Trent Centre for Aging & Society welcomes Australian Researcher for Seminar Series
Dr. Pauline Marsh connects community gardens to end of life care
During Trent’s recent reading break, a large group of students, faculty, and community members, some representing hospice care and community gardening, turned out for a poignant talk by registered nurse and lecturer with the Centre for Rural Health, University of Tasmania, Australia, Dr. Pauline Marsh.
Professor Marsh was welcomed to the Trent campus to share her research project, “Walking Each Other Home: Weaving end-of-life supports into a community garden,” which explores how we might provide better support to individuals at the end of their lives or in bereavement.
Prof. Marsh’s study evolved organically in response to observing community members coming to the Okines Community Garden, located in Tasmania’s Southern Beaches area, when they were in crisis. Some visited at the end of their lives, some after a difficult health diagnosis, and some after losing loved ones. A research question grew out of this observation: are community gardens suitable places to support people in various states of mourning?

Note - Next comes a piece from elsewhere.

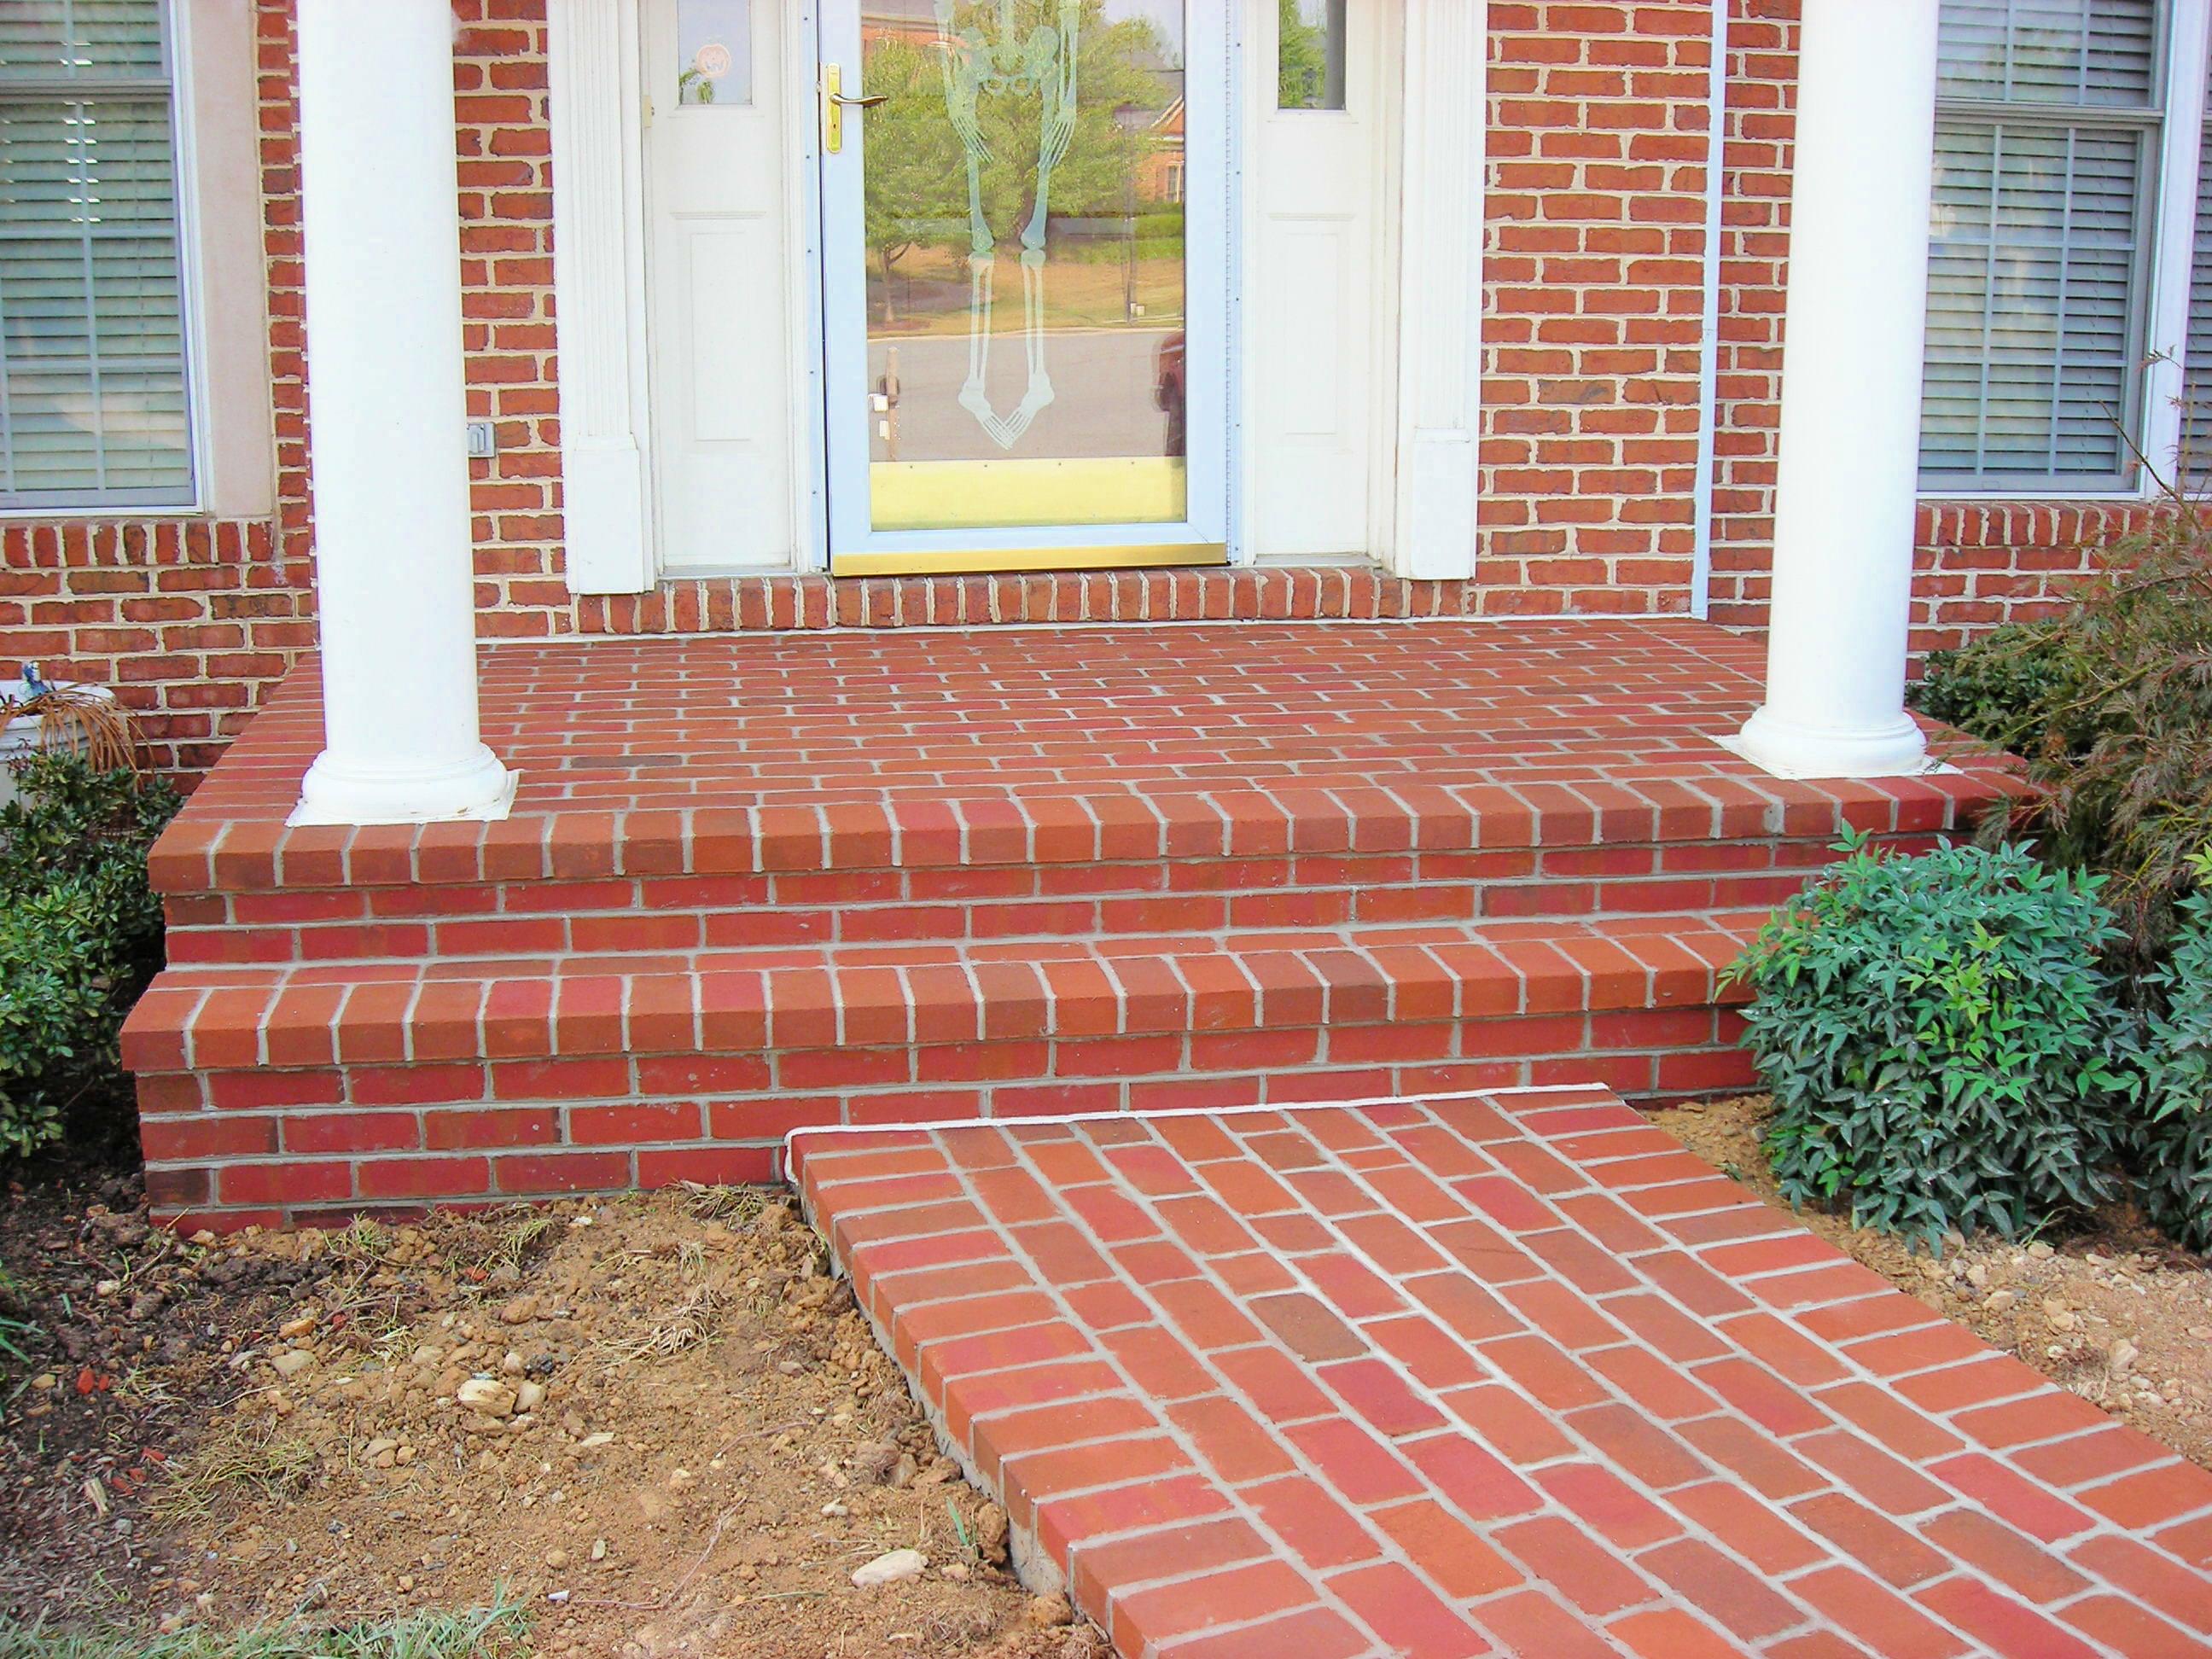 Pavement - Brick
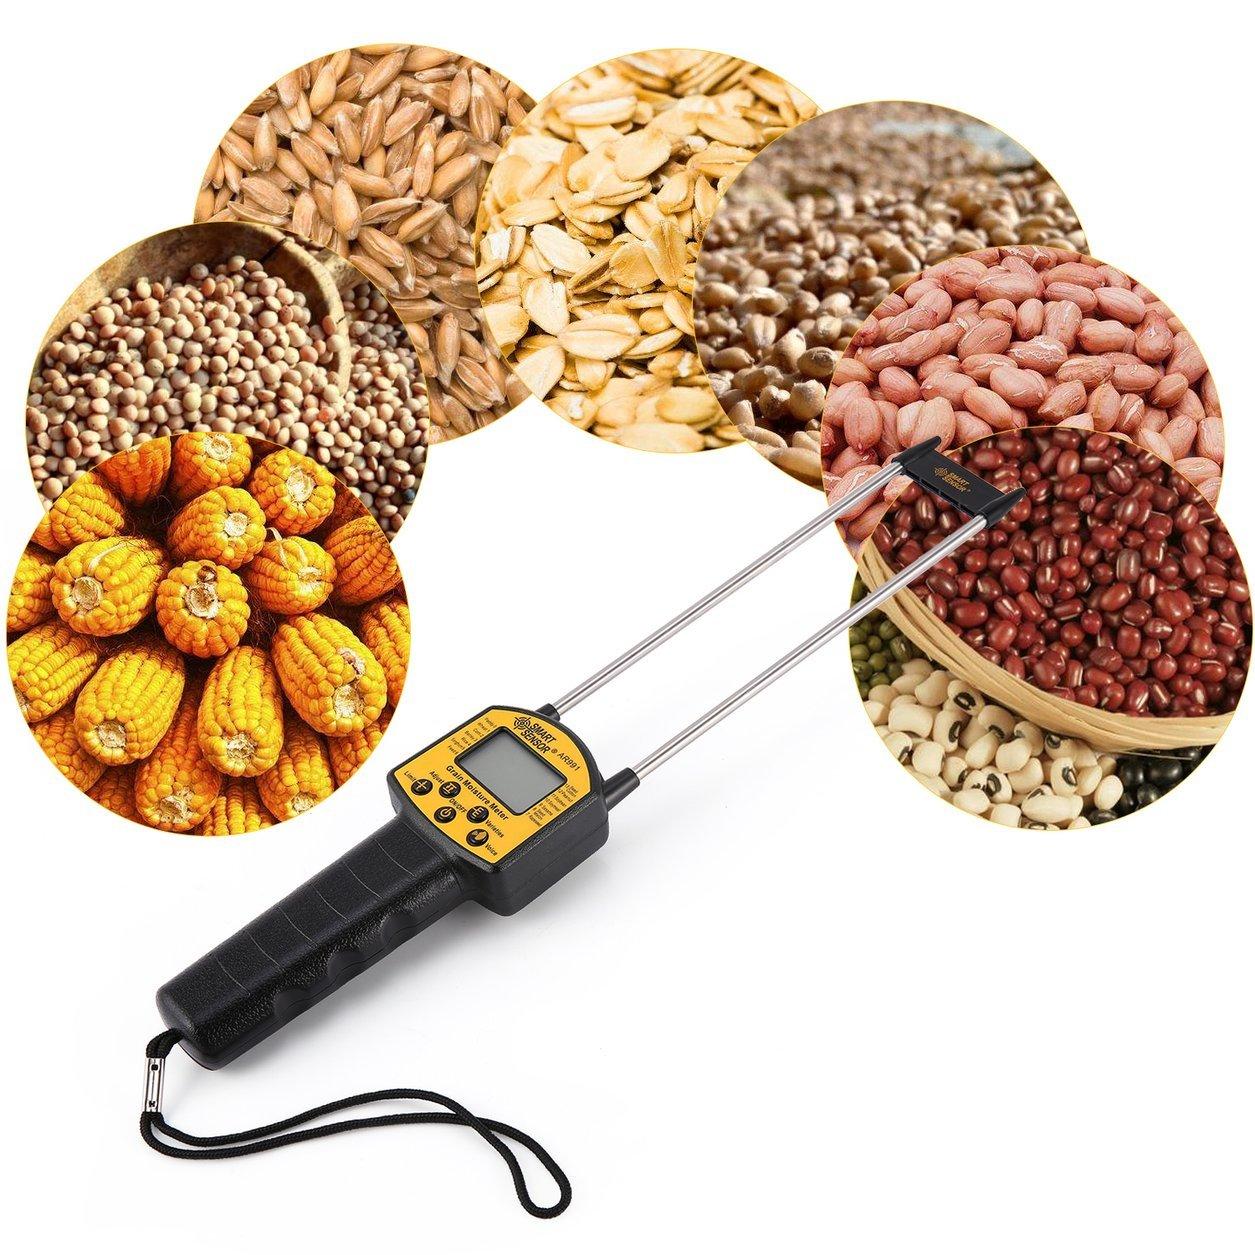 SMART SENSOR AR991 Professionelle Digitale Getreide Feuchtigkeitsmesser für Mais Weizen Reis Bean Peanut Grain Measurement Feuchtigkeitsmessgerät, Yello & Schwarz Dailyinshop

Prof. Marsh recalled, “Our project team included a local fibre artist, garden coordinator, grief counsellor and social researcher, all of whom worked collaboratively. Our research was designed to fit with the needs of the community garden. Nothing was artificially structured and imposed by the research team on the space and its users.”
Through various workshops and community events, the team noted that participants wanted to talk about death and dying while in the garden. It was viewed as a low key, safe, and non- confrontational space to do so. It also turned out that a majority of participants were grieving the loss of a partner and they needed to know people cared about their situation and cared about them.
Prof. Marsh’s research indicates a number of ways to strengthen and expand informal palliative supports and point to a therapeutic nexus between gardens, grief and dying.